На первый взгляд отличия документального фильма от художественного совершенно очевидны: в первом из них нет актеров, все события реальны, а факты достоверны и представляют интерес прежде всего для историков, социологов, психологов. Однако являются ли слова «документальное» и «художественное» настоящими антонимами?

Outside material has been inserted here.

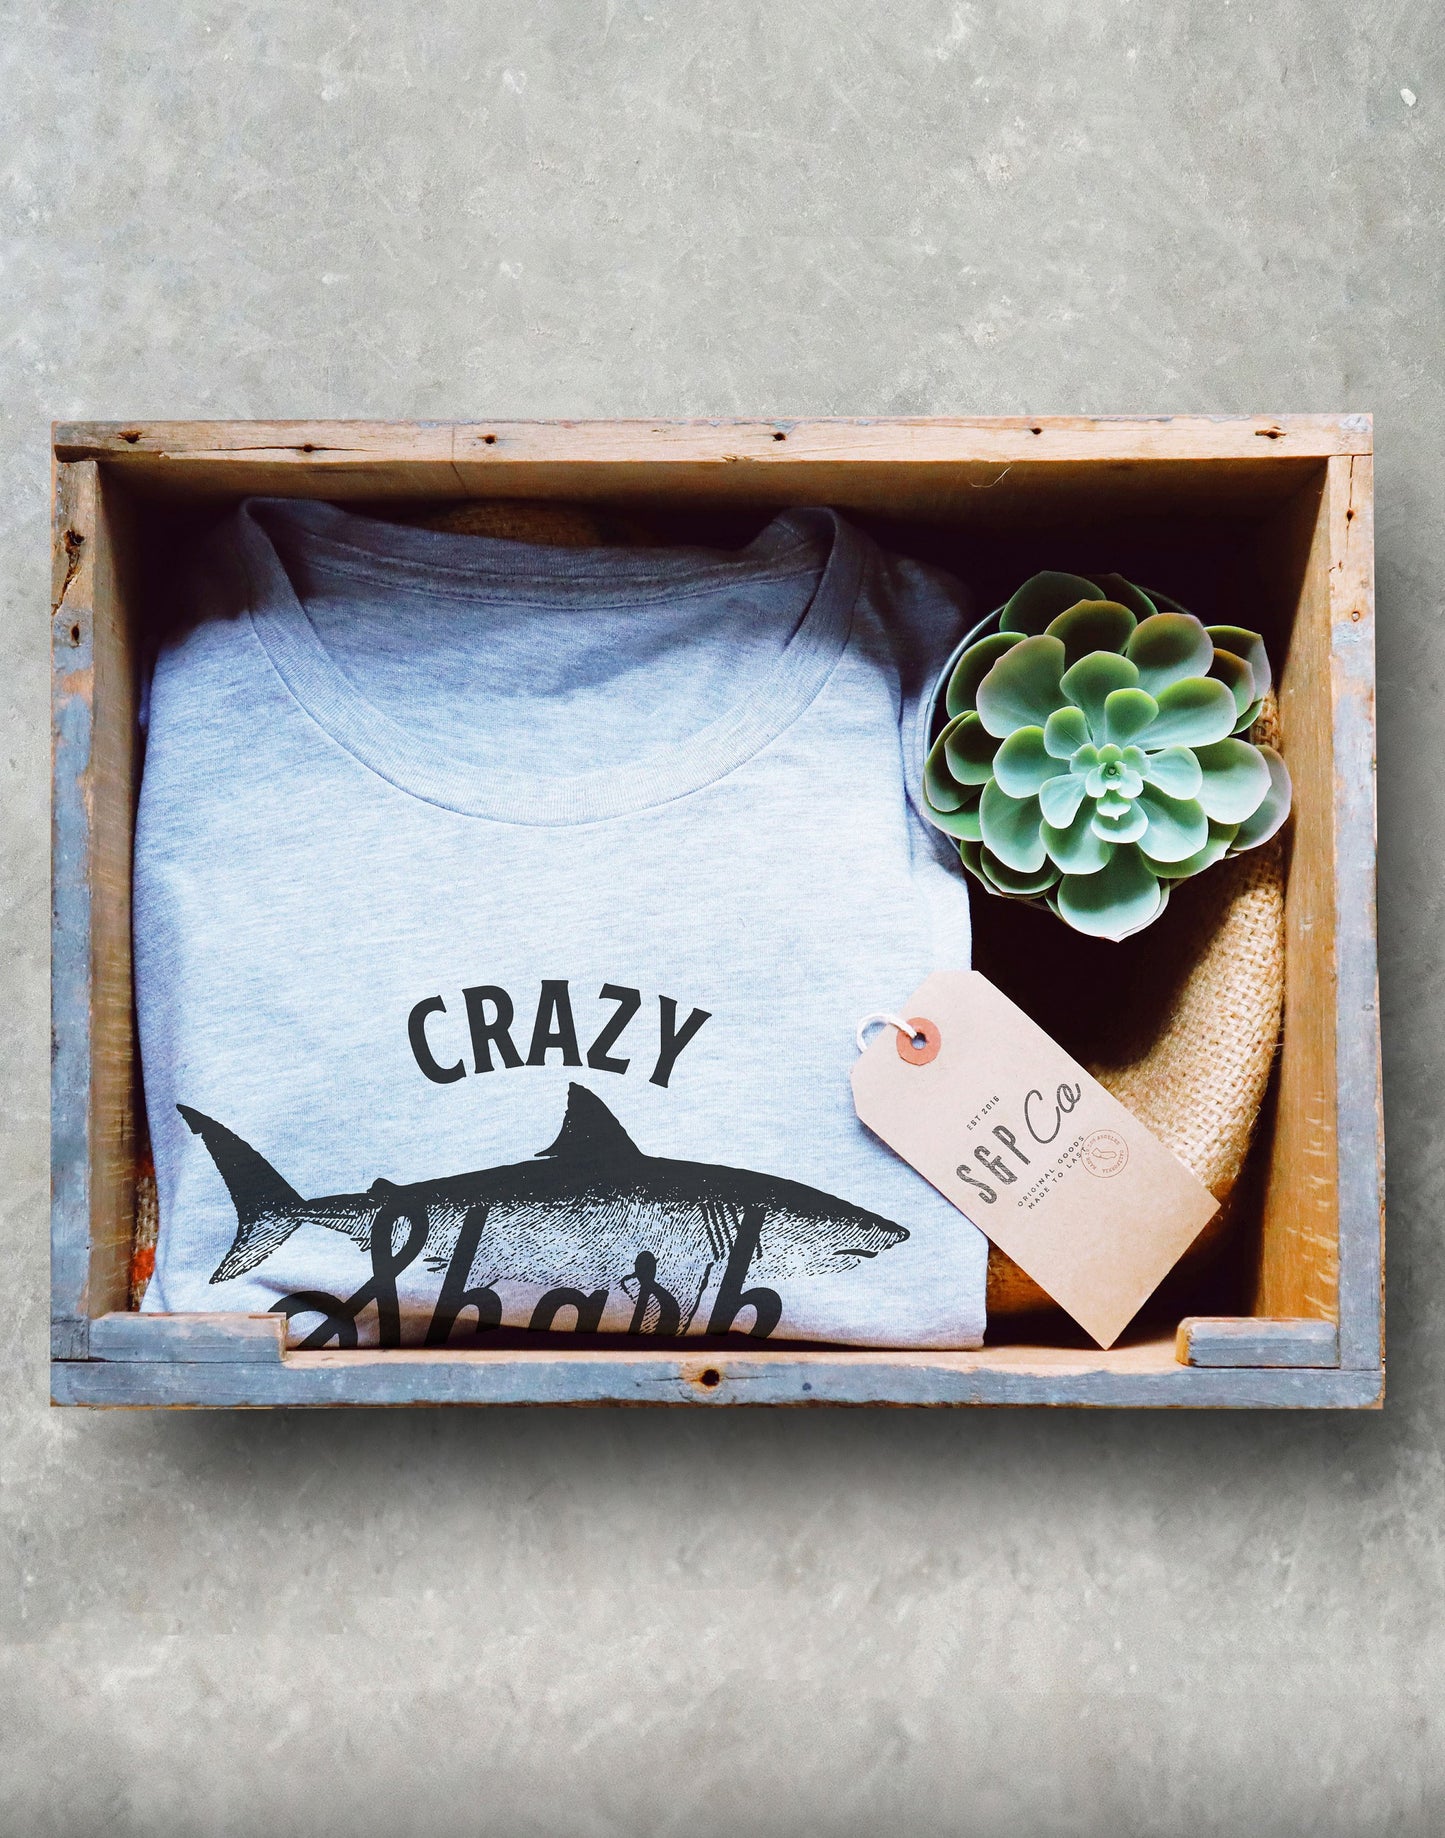 Crazy Shark Lady Unisex Shirt - Shark Shirt, Shark Gift, Shark Birthday, Shark Week Shirt, Sea Life Shirt, Sea Life Gift

Считать неигровое кино беспристрастным историческим свидетельством можно лишь условно, так же как отнюдь не беспристрастны учебники истории с их отбором и интерпретацией фактов. В таком случае не является ли сам термин «документальное кино» оксюмороном? Что останется от факта, если вынуть его из контекста? Зачастую сам свидетель, герой событий не знают всех подробностей той ситуации, в которую они погружены. Тот, кто берет в руки камеру, пользуется возможностью интерпретации фактов, причем численность съемочной группы не влияет на уровень символичности произведения. Документальное кино нельзя считать носителем чисто объективной информации (если не счи-
© Скрылева Е.В., 2010 102
тать образцовым кинофильмом снятую на камеру адресную книгу или работу камеры наблюдения в метро).

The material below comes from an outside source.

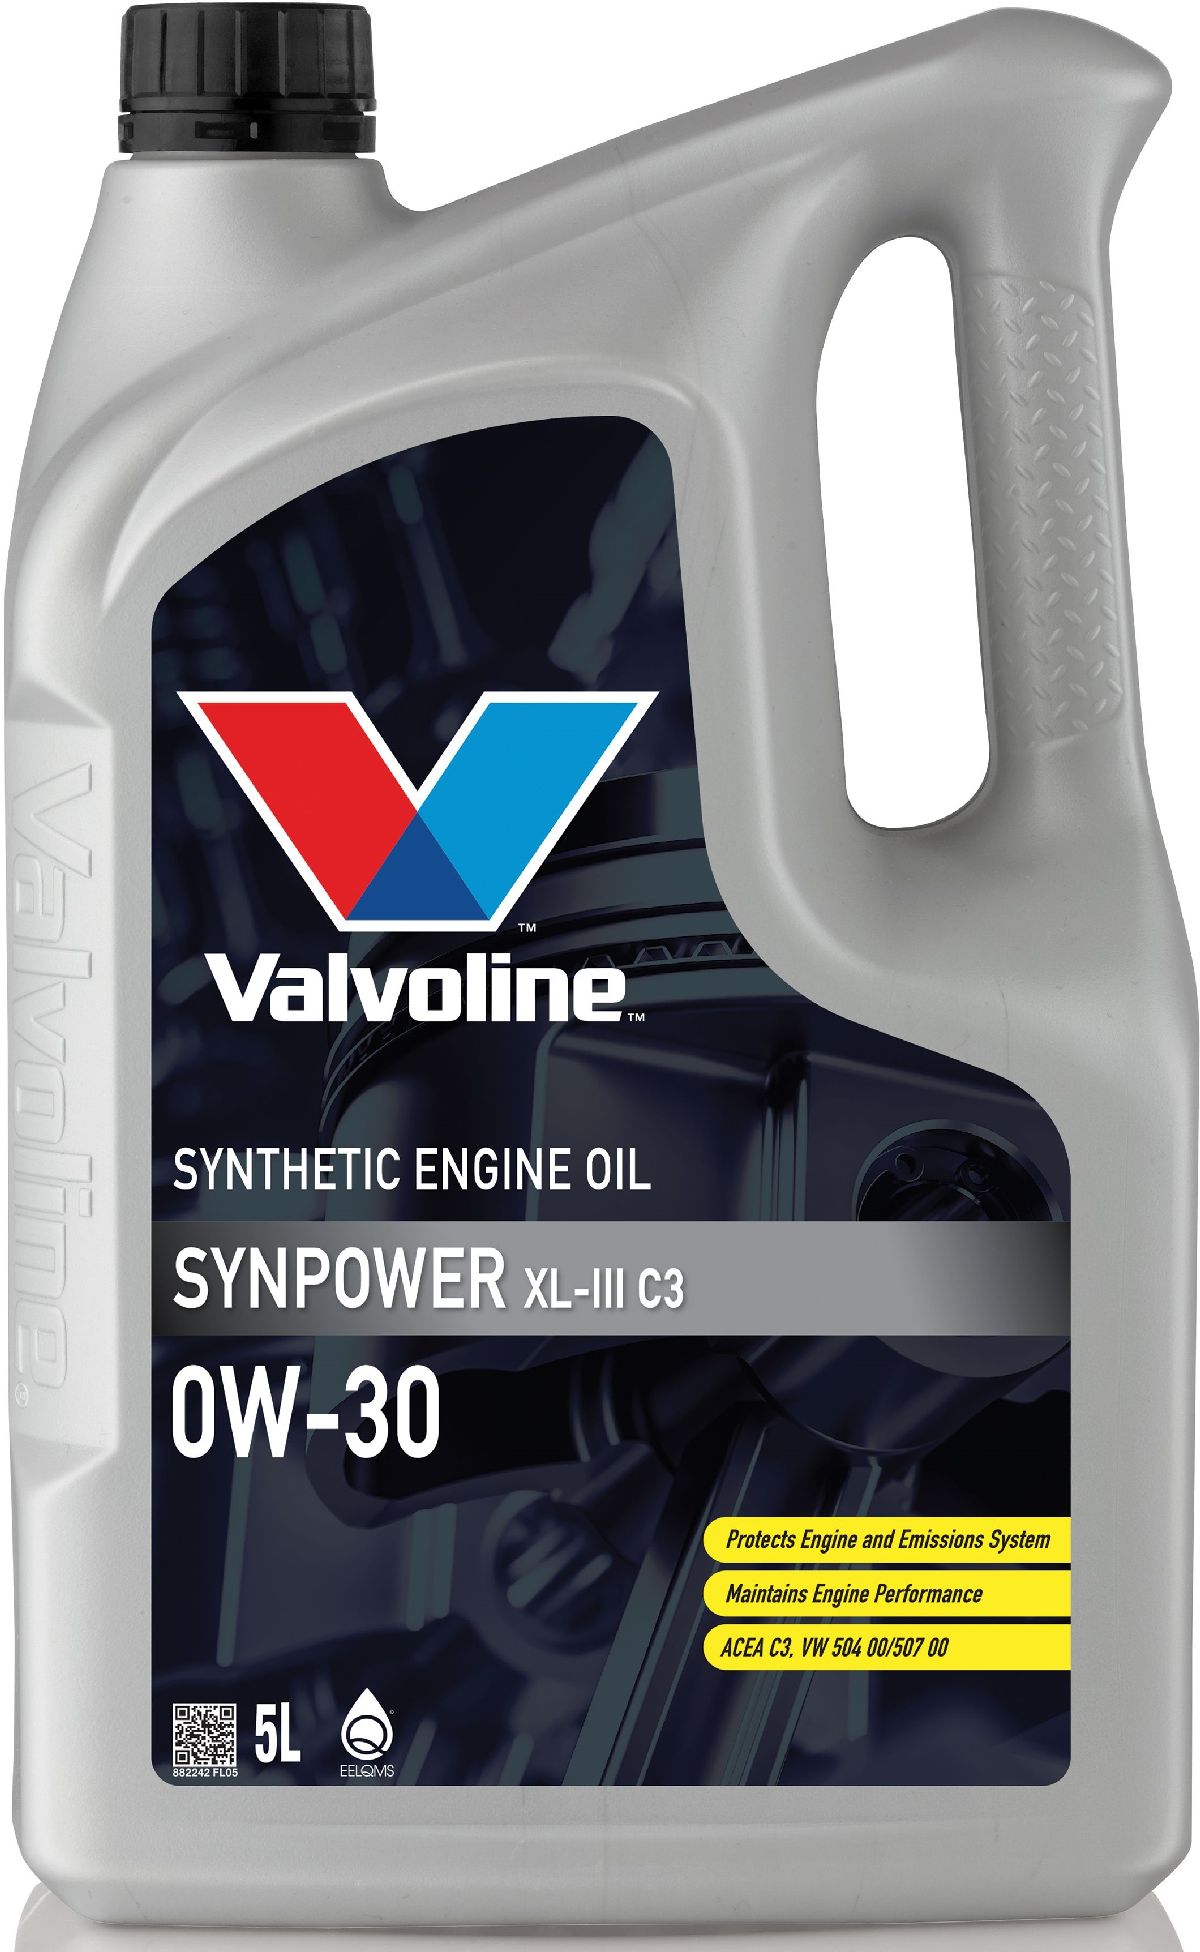 Valvoline Synpower XL-III C3 0W-30

Ни один кадр из документальных фильмов серии «Почему мы сражаемся» (режиссер Фрэнк Капра, 1943 г.) не был снят специально для них. Однако А. Базен характеризует эти фильмы так:
Они умудряются быть такими же захватывающими, как полицейский роман. Я думаю, что историк кино может усмотреть в этой серии рождение нового жанра: идеологического (здесь и далее курсив мой. - Е. С.) кинодокумента, создаваемого средствами монтажа. <...> Монтаж здесь имеет целью не столько показывать, сколько доказывать1.
Режиссер Александр Роднянский по поводу документальных фильмов «новой волны» делает такое точное замечание:
Главный герой... - это автор. И все документалисты, поверьте, твердо отдают себе в этом отчет. Они снимают авторское кино, манипулируя при этом живыми людьми. <...> Любое документальное кино - это дневниковый способ выяснения отношений с самим собой2.
Итак, поставлена под сомнение полная объективность авторов документального фильма в отборе и монтировании кадров, фиксирующих события и взаимоотношения людей. Кроме того, возникла тенденция отказаться от самого термина «документальное кино» в пользу кино неигрового, т. е. не имеющего в своей основе вымысла. Попытаемся выяснить, почему же в таком случае это кино претендует на высокое звание особого вида искусства. Для решения этой задачи вспомним важное теоретическое положение Ю.М. Лотмана:
Высокая информационная насыщенность художественного текста достигается тем, что благодаря сложным и не вполне понятным его внутренним механизмам, структурная закономерность не понижает в нем информационности. <...> Следовательно, при художественном общении и язык эстетического контекста, и текст на этом языке на всем протяжении должны сохранять неожиданность3.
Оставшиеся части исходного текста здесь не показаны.